As per Huw Griffiths, a maritime biogeographer of the British Antarctic Survey, sea ice is generally just three to ten feet thick, allowing some light to reach the aquatic systems below. However, life has been discovered in locations that have never before seen the sunshine of day. According to Griffith's study, many icebergs are so deep that there is no optimism about the seafloor below.

The majority of ice shelves are composed of the second form of Antarctic ice, land ice. They occur when massive slabs of ice are forced off the ground and into the ocean surface. Apart from sea ice, such slabs can be hundreds of feet deep. Griffiths and his research team found marine living beings on a rock on the seafloor 3,000 feet near the ground of an Antarctic ice shelf in 2021.

Moving inland, Antarctica's freezing landscape hides a secret paradise of thousands of subglacial rivers and lakes teeming with life. Lake Whillans, the continent's third biggest lake, which sits 2600 feet below under West Antarctic Ice Sheet, was discovered to be home to approximately 4,000 distinct microbial species in 2014.

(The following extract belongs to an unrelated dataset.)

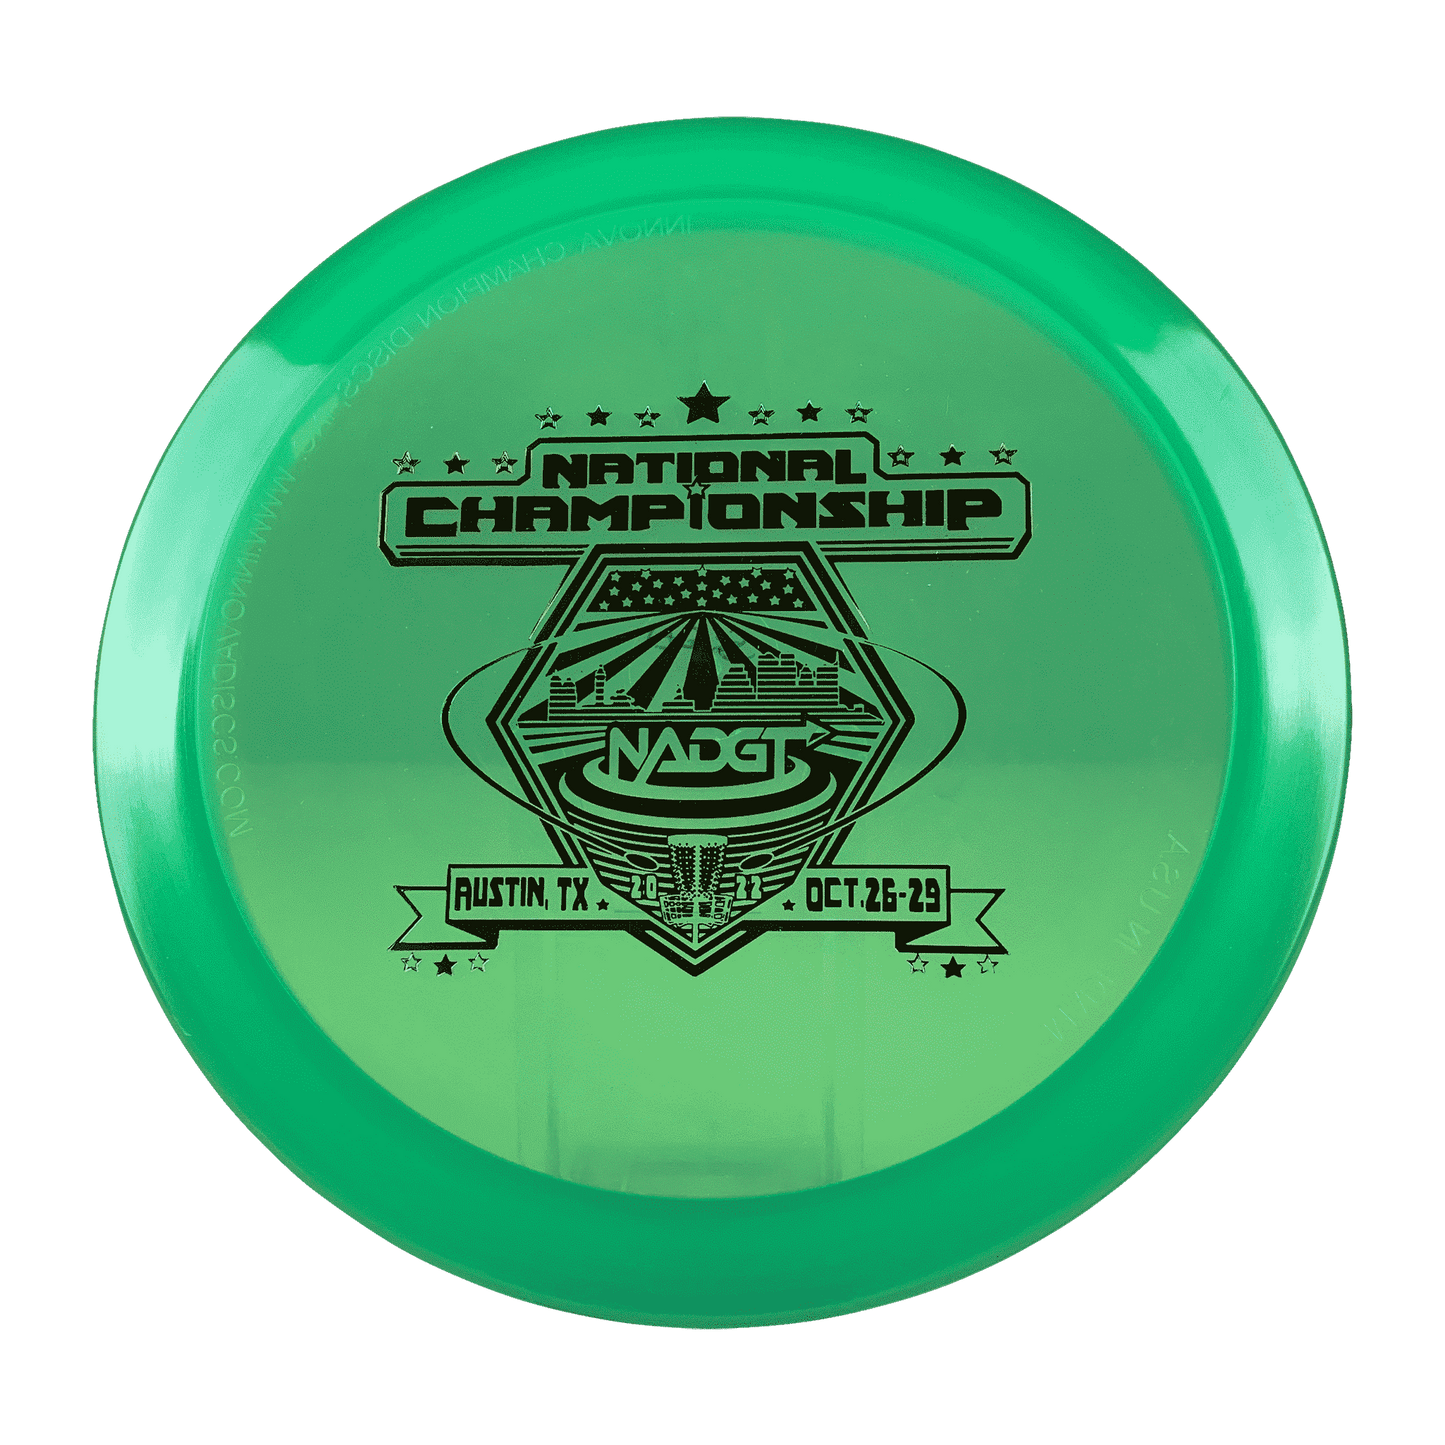 Champion Firebird - NADGT National Championship 2022 Disc Innova green 173 
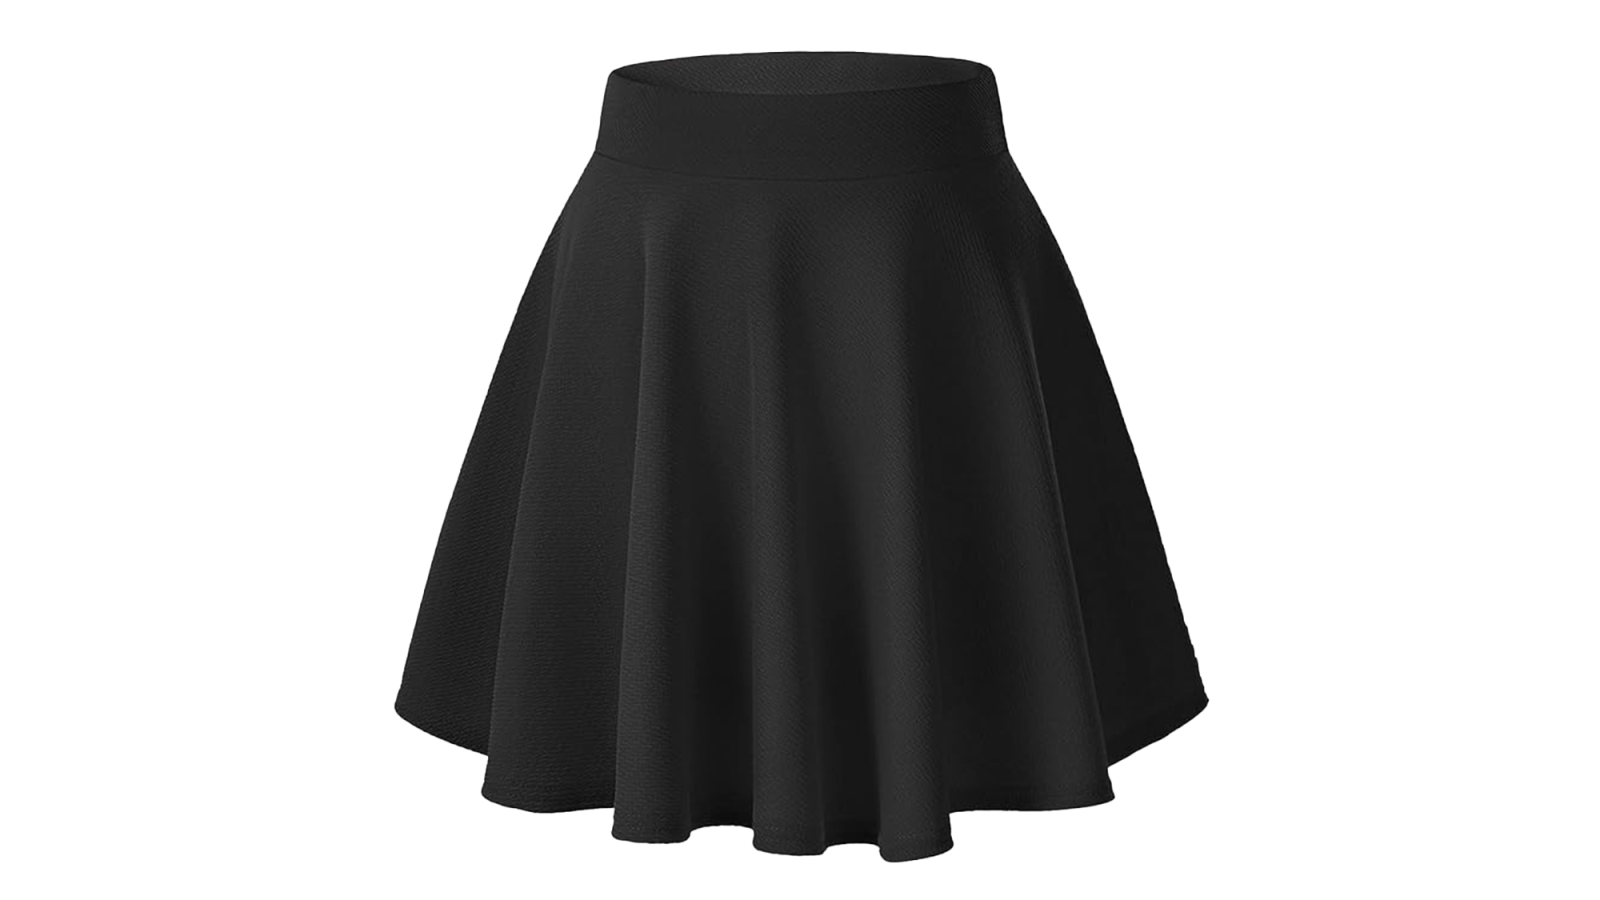 Urban Coco mini skirt

Combined, these discoveries show how diverse the many living types are beneath the Antarctic ice. Antarctica's unspoiled ecosystems are in jeopardy as human influence spreads to every part of the earth. The Antarctic ice glaciers are melting at a pace of around 150 billion tons annually as a consequence of global warming, with disastrous ramifications for global sea levels.

RELATED ARTICLE: Phytoplankton Could Solve Climate Change, Reduce Carbon Dioxide in Ocean [Simulation]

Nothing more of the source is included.